The restrictive rules of the European Union can also hinder the use of new technologies. EU data protection rules and regarding artificial intelligence now proposed regulationif strictly enforced, can slow down the development of AI-based applications.
Finally, it can also be said that Europe has simply had bad luck, which was particularly evident in connection with the policies of Russian President Vladimir Putin and the energy price shock. The US, being self-sufficient in terms of energy, has not been as vulnerable to energy disruptions as Europe. European companies, on the other hand, were forced to suspend their most energy-intensive activities or had to carry out costly reorganizations, which did not benefit productivity.

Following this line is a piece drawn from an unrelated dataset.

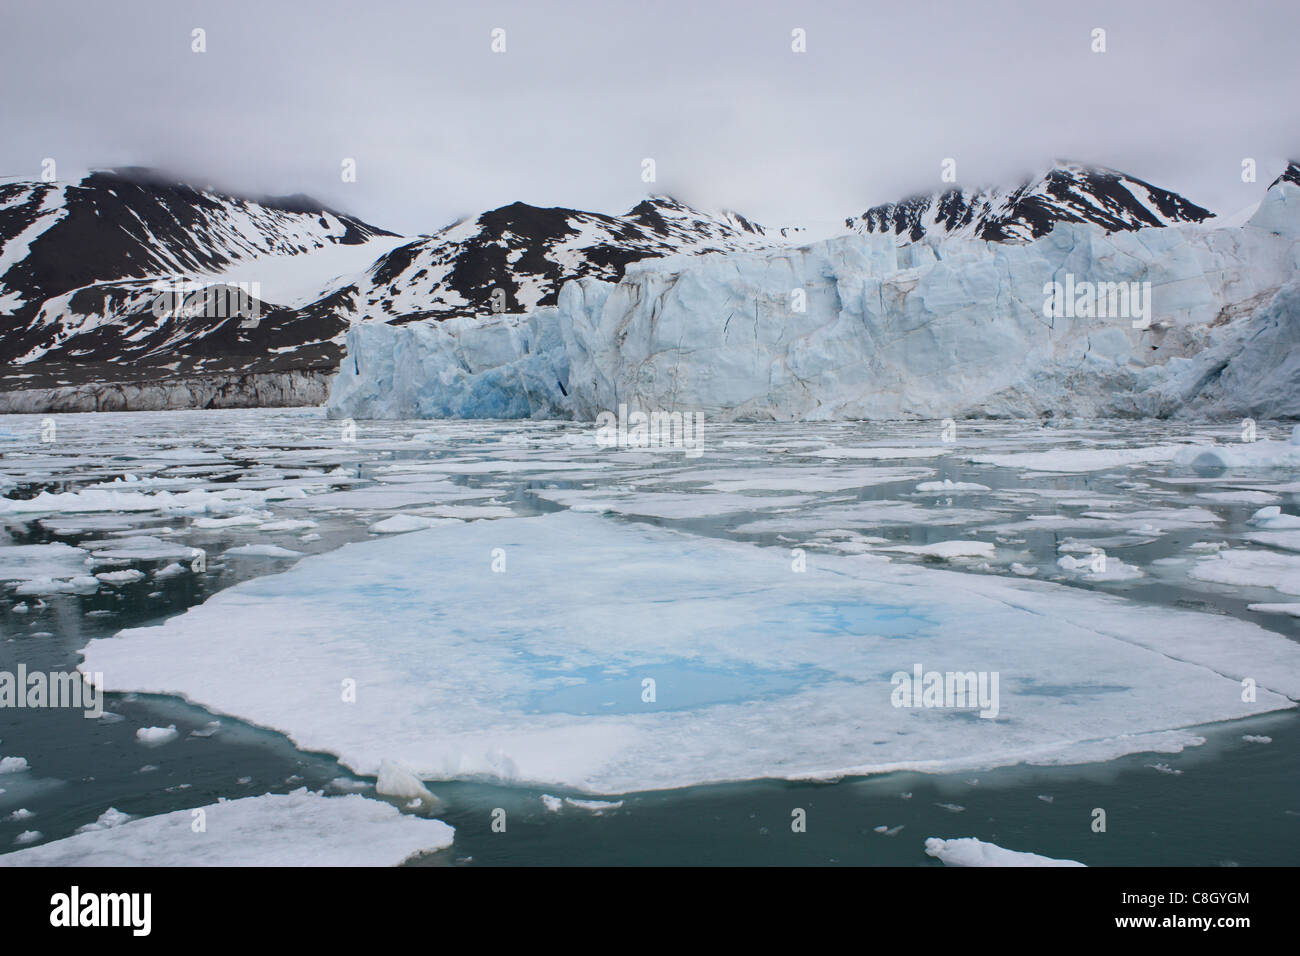 Svalbard, Spitsbergen, Arctic, Norway, Europe, polar region, ice, nature, landscape, island, isle, archipelago, drift ice, glaci Stock Photo

Mario Draghi, Europe’s leading economic expert, will present his package of proposals for increasing productivity for the EU this year. He will definitely recommend it european capital market union completion so that companies can more easily finance investments in new technologies. Draghi will also propose eliminating factors that hinder competition, which would increase the pressure on companies to innovate in order to survive. He will advocate for greater energy efficiency and self-sufficiency in the field of energy, so that Europe can avoid confusions like the one caused by Putin.
Analysts like myself can confidently predict what Draghi will propose, as such proposals have been known for years. Europe should now take steps to realize these old ideas. In addition, there is a great need to come up with new ones.
: Project Syndicate, 2024.
Barry Eichengreen
He is a professor of economics and political science at the University of California (Berkeley). Between 1997 and 1998, he was a senior adviser to the International Monetary Fund (IMF). His research covers issues such as exchange rate policy, European and Asian economic integration, and IMF policy.